Apex Park and Recreation District (PRD), located in the northwest Denver suburb of Arvada, Colo., has served its community since 1956, so the district has had plenty of opportunities to meet various programming challenges.

A glance at the district’s 1975 activity guide, in comparison with the current guide, attests to the staying power of popular seasonal programs, including track and field, junior golf, and summer camps.

For Apex PRD, the most influential, cost-effective, and reliable predictor of success is dedicated and knowledgeable staff members who are passionate about their program and the students. The district has been conscientious in hiring a high-caliber staff, and fortunate that many of them return year after year.
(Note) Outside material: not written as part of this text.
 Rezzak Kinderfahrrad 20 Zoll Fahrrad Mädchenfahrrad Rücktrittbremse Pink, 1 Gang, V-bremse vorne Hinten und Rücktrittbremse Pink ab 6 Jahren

Seriously Interested In Children
Such is the case in the district’s summer day camp for 7- to 12-year-olds, headquartered at Secrest Youth and Teen Center. Gaby Garcia, the 2015 camp director, started working for the district in 2009 when she was 18 years old. She’s funny, energetic, and intuitive about kids of all ages, and she cites “education by Secrest” as one of her main strategies for quality interaction with the campers, teens, and toddlers who frequent the facility.
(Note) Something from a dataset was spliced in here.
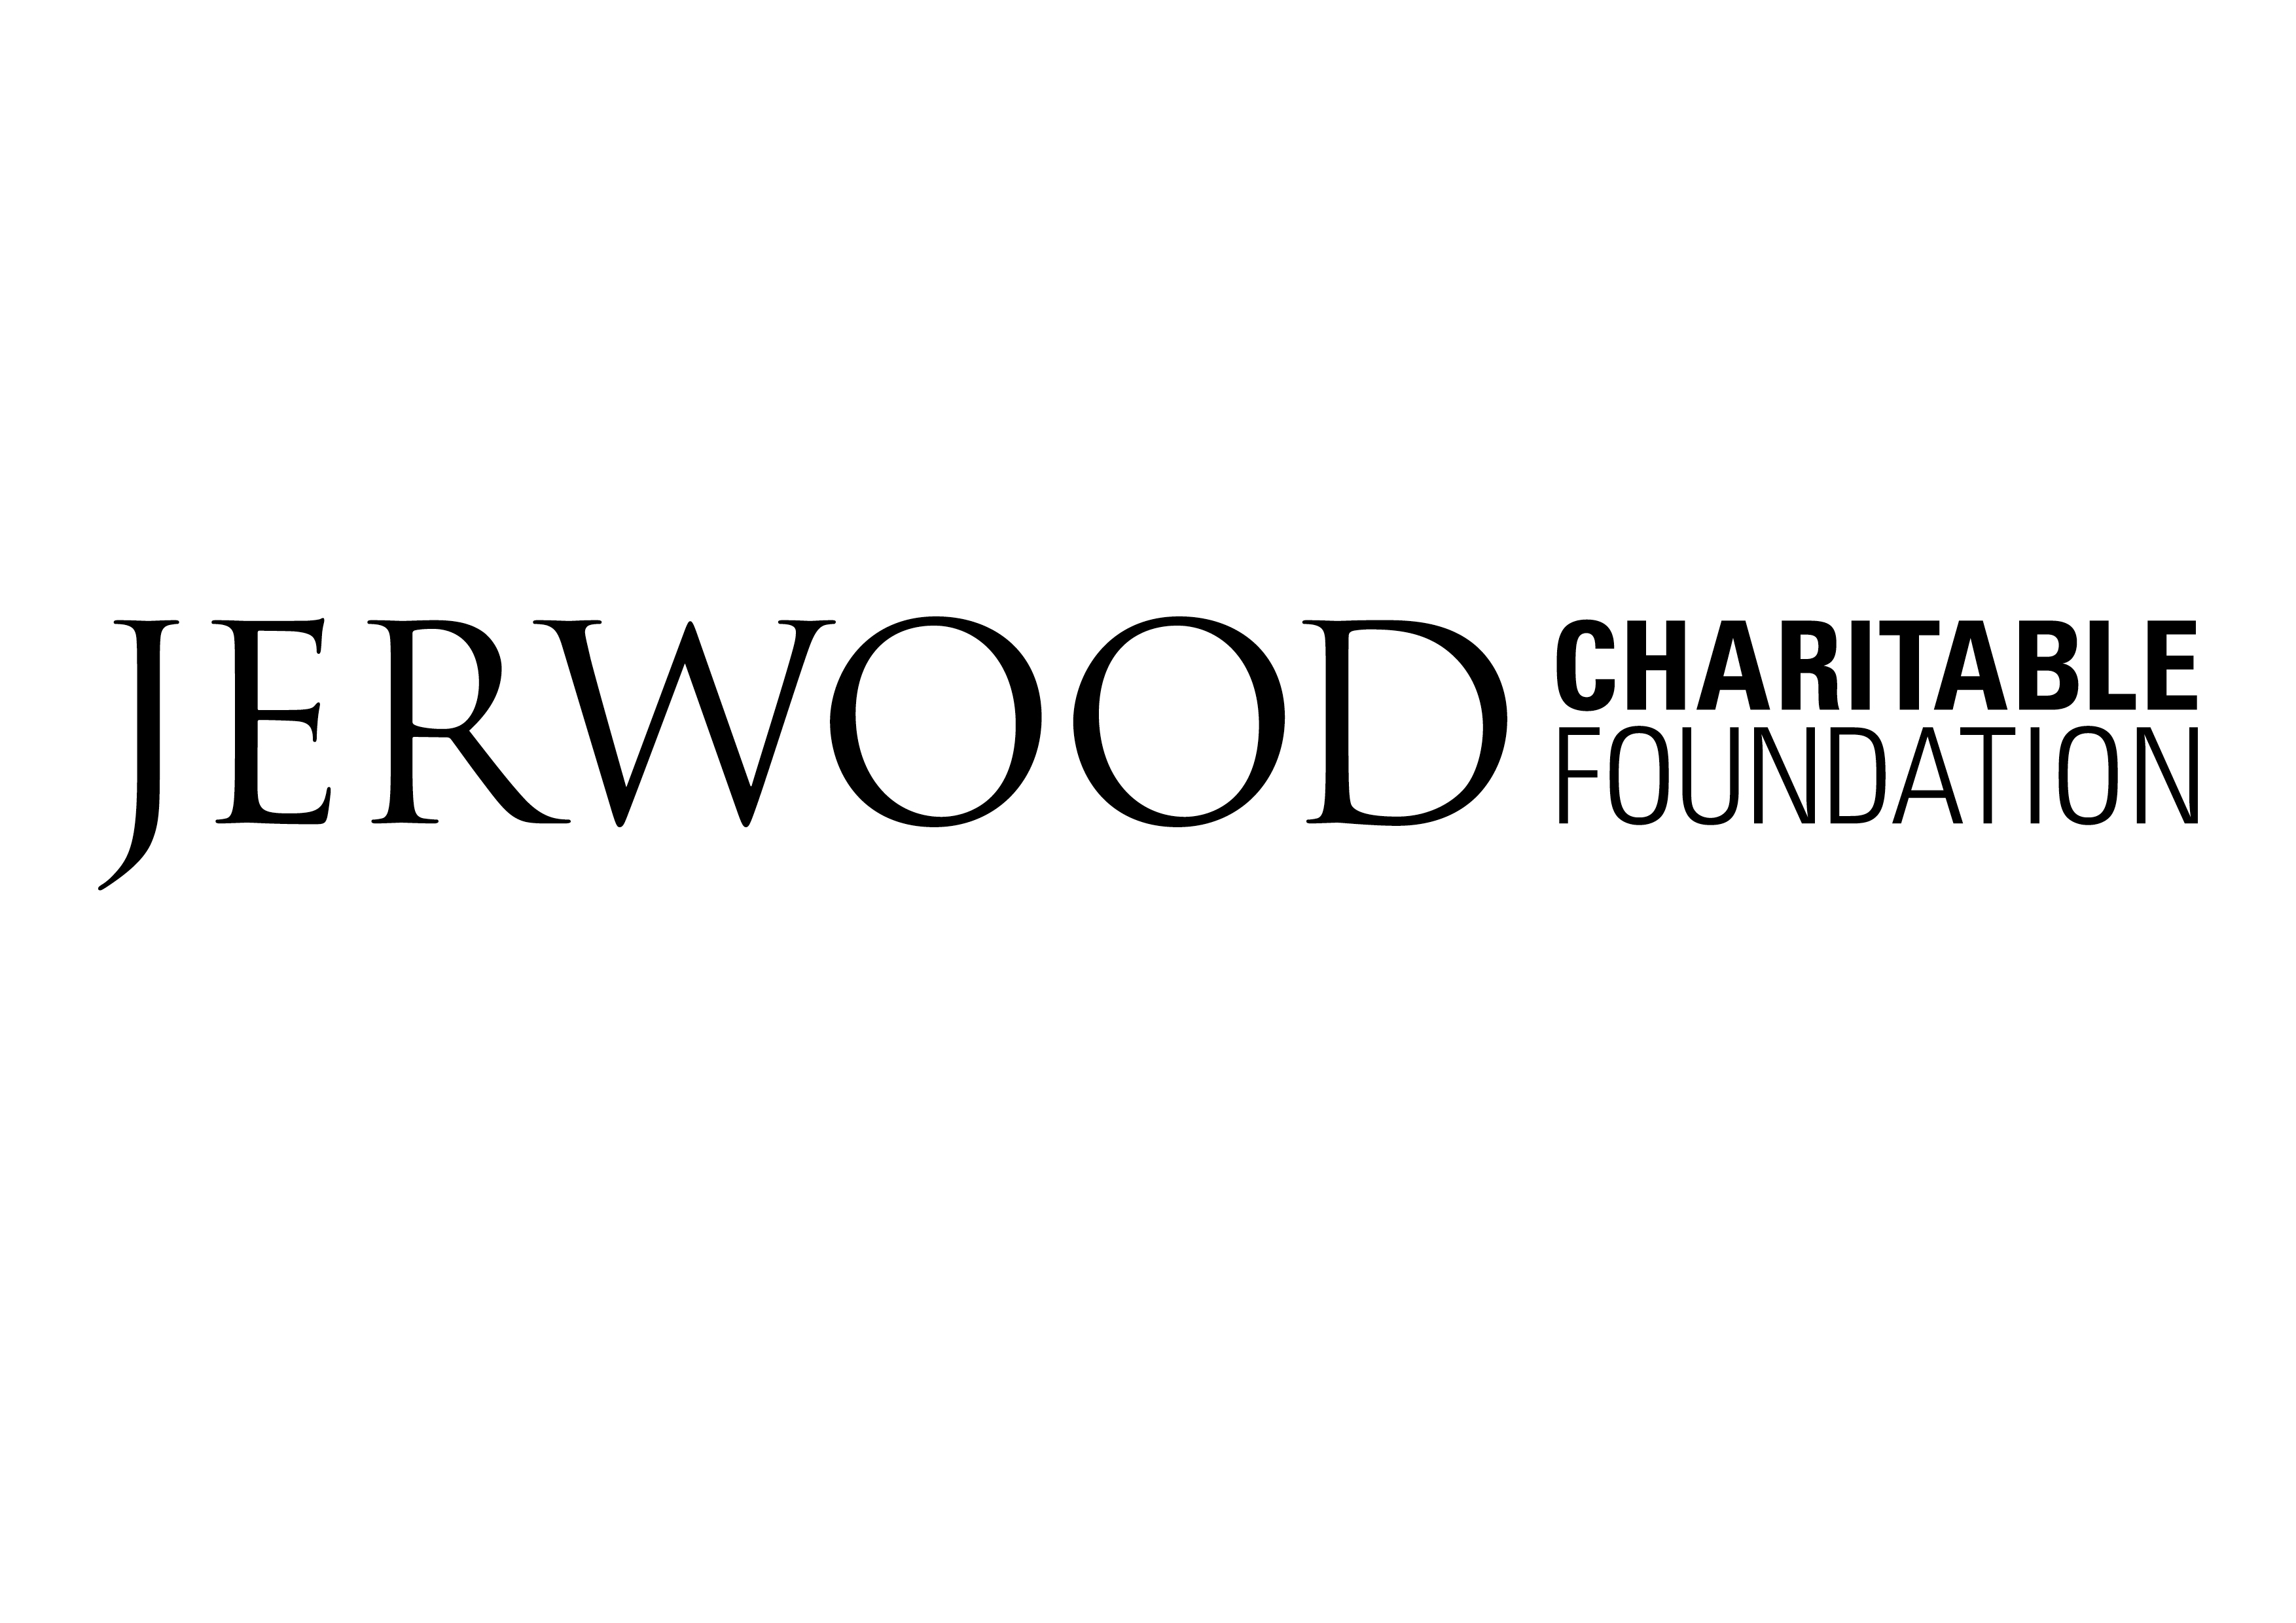 Jerwood Charitable Foundation logo

The summer day camp has filled to capacity with a waiting list for the past several years. Denver has many choices for summer camps—around 500 in the metro area—so standing out in a crowd that large is no small feat. Economic ups and downs, greater interest in specialized camps, heightened parent expectations, and an ever-growing number of choices have challenged the district to compete harder. But stressing its high-quality, loyal staff members, and variety of activities proved to be the simplest and best solution. The 2015 summer-camp sellouts, combined with returning staff and stringent hiring guidelines, can be attributed in large part to the camp’s philosophy, which appears in the annual activity guide: “Why choose us? Most importantly, we are sincerely interested in your child.”

Showing Enthusiasm
The Junior Golf program at Indian Tree Golf Club has operated under a similar philosophy since the program began more than 40 years ago under former golf director Vic Kline. Currently, the program is thriving under the direction of Rudy Castaneda, Assistant Operations Manager and P.G.A. Head Professional. The program has won several awards since its inception, including one in 2015 for Castaneda—the Colorado P.G.A. Youth Player Development Award.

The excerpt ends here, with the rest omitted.